#### [What the task requires]
Write the data out in full and word for word. Do not include images.

#### [Data]
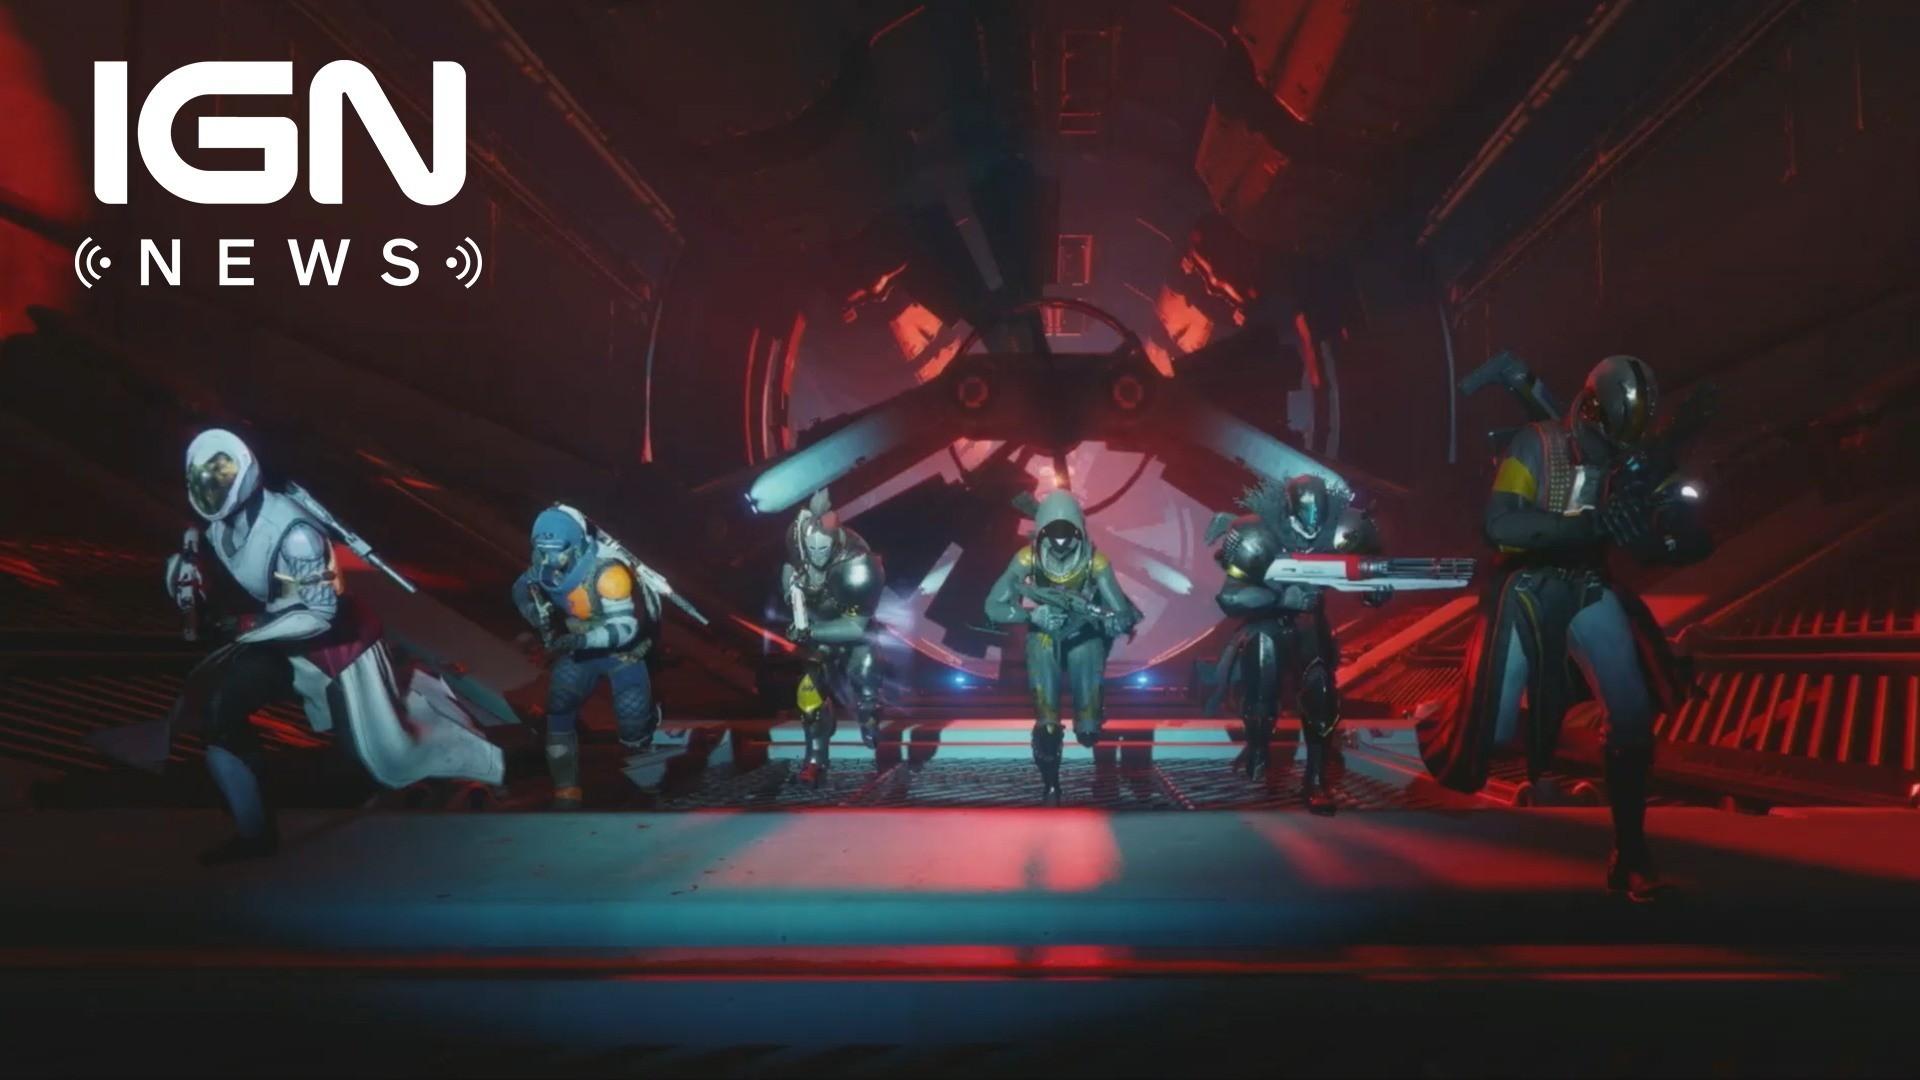 Destiny 2 PC Version Available Exclusively Through Blizzard's Battle.net –  IGN
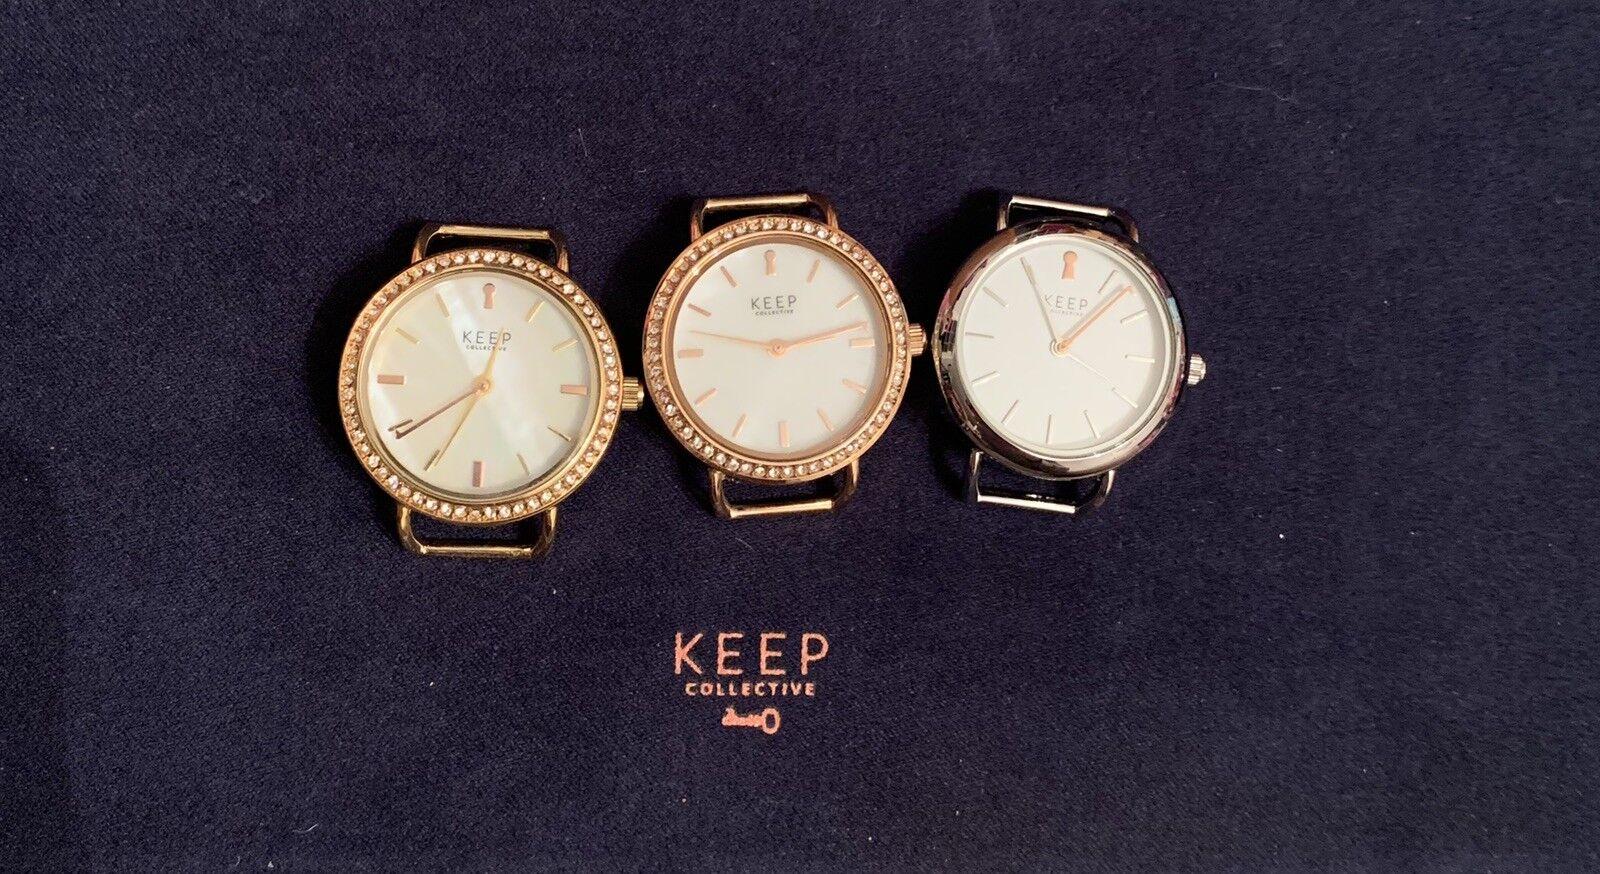 6b761e1b71c7 Keep 3 Timekey Lot Collective nnebra25-Jewelry - www ...
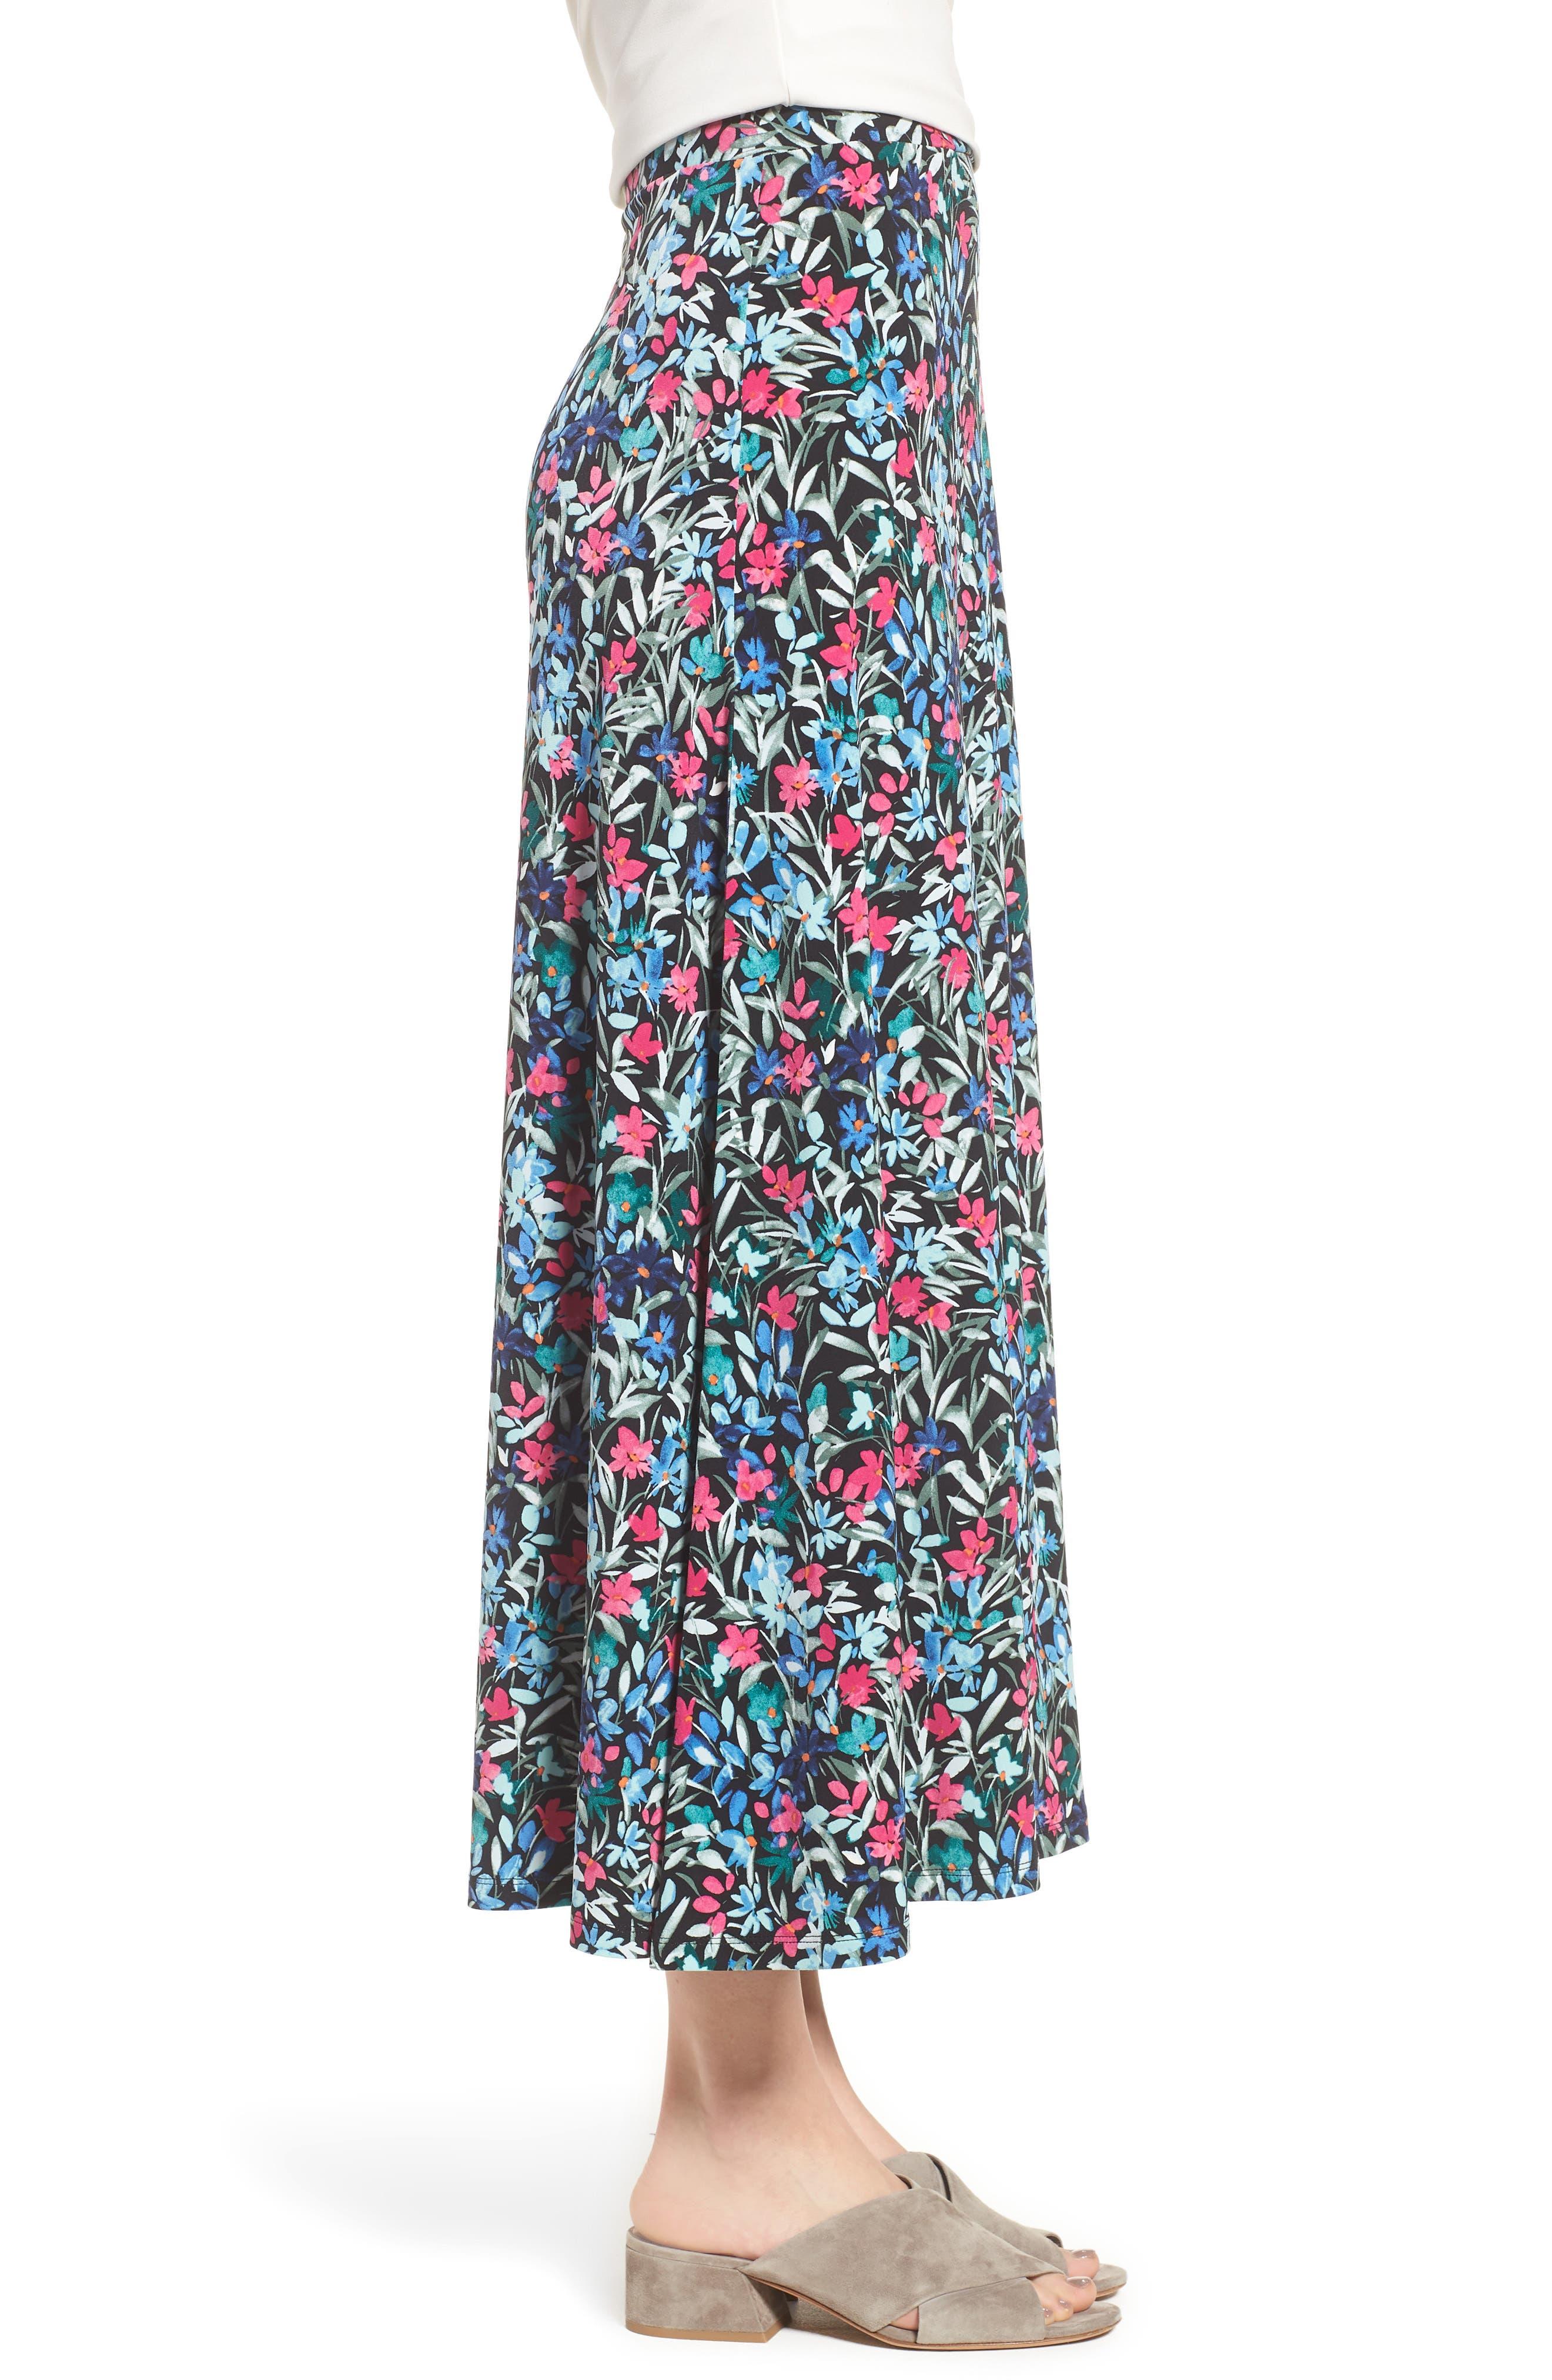 Radiant Flowers Maxi Skirt,                             Alternate thumbnail 3, color,                             060-Rich Black
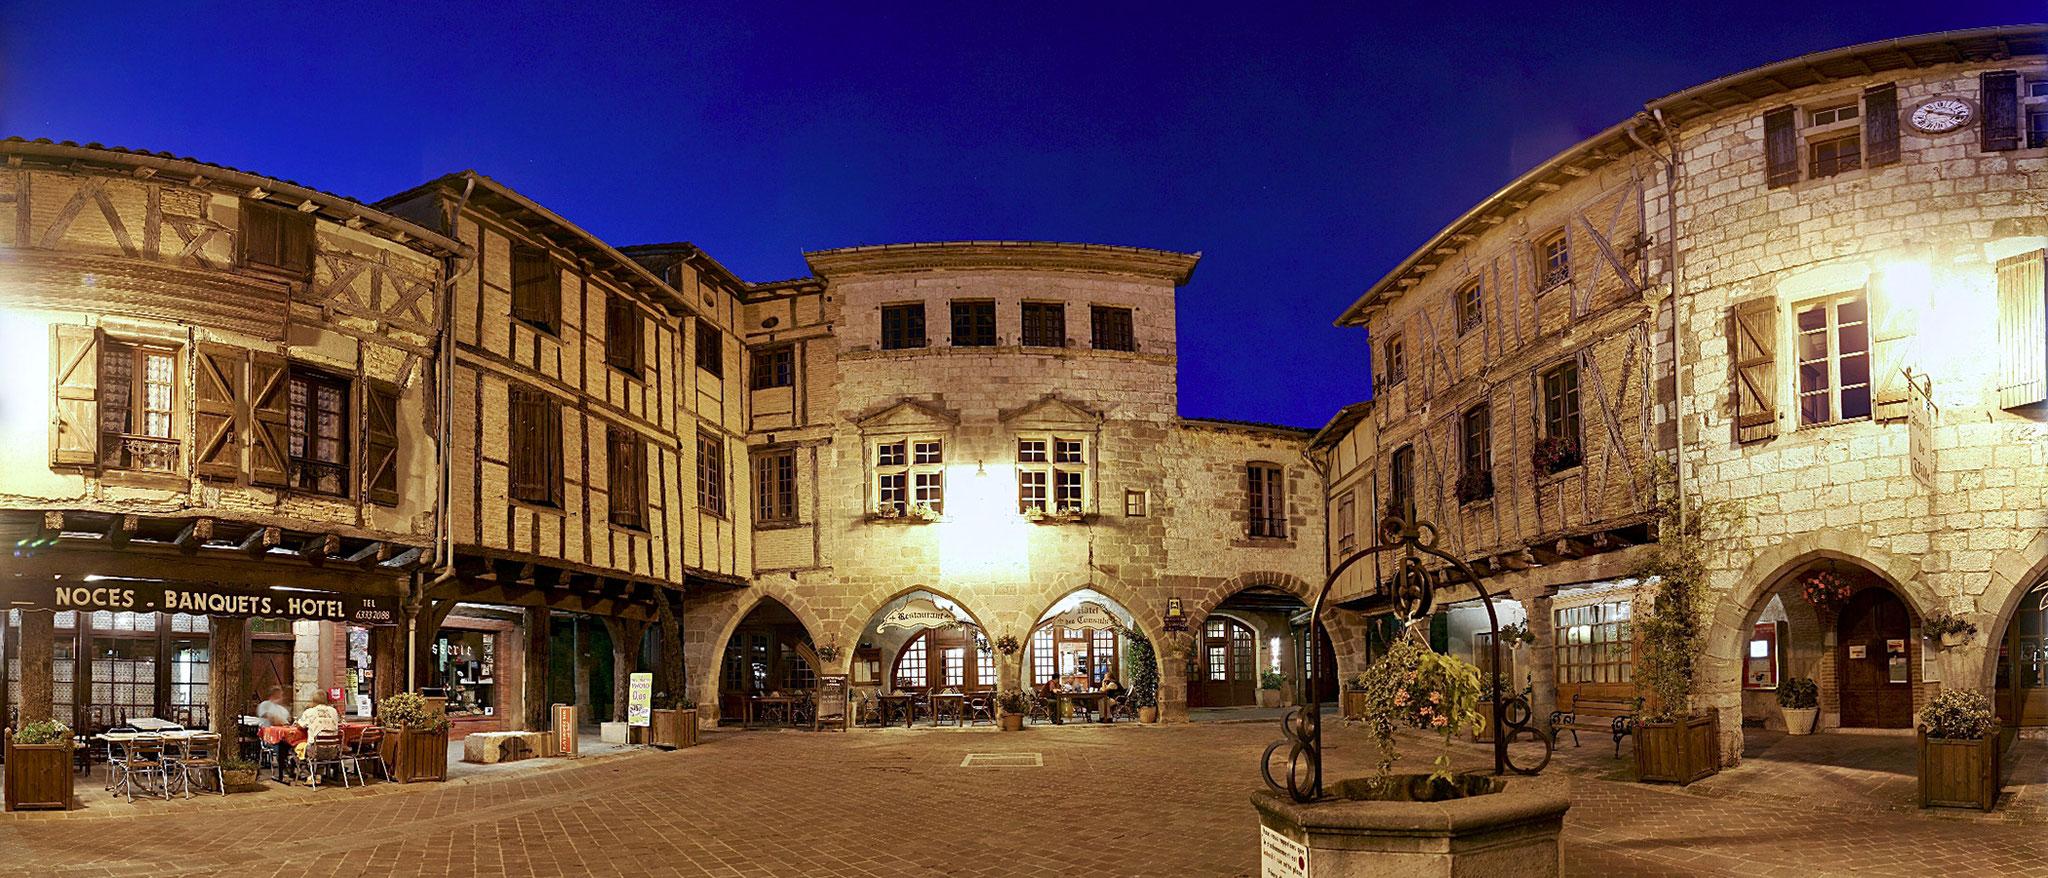 Castelno de Montirail

#### [Finished exercise]
 Destiny 2 PC Version Available Exclusively Through Blizzard's Battle.net –  IGN
 6b761e1b71c7 Keep 3 Timekey Lot Collective nnebra25-Jewelry - www ...
 Radiant Flowers Maxi Skirt,                             Alternate thumbnail 3, color,                             060-Rich Black
 Castelno de Montirail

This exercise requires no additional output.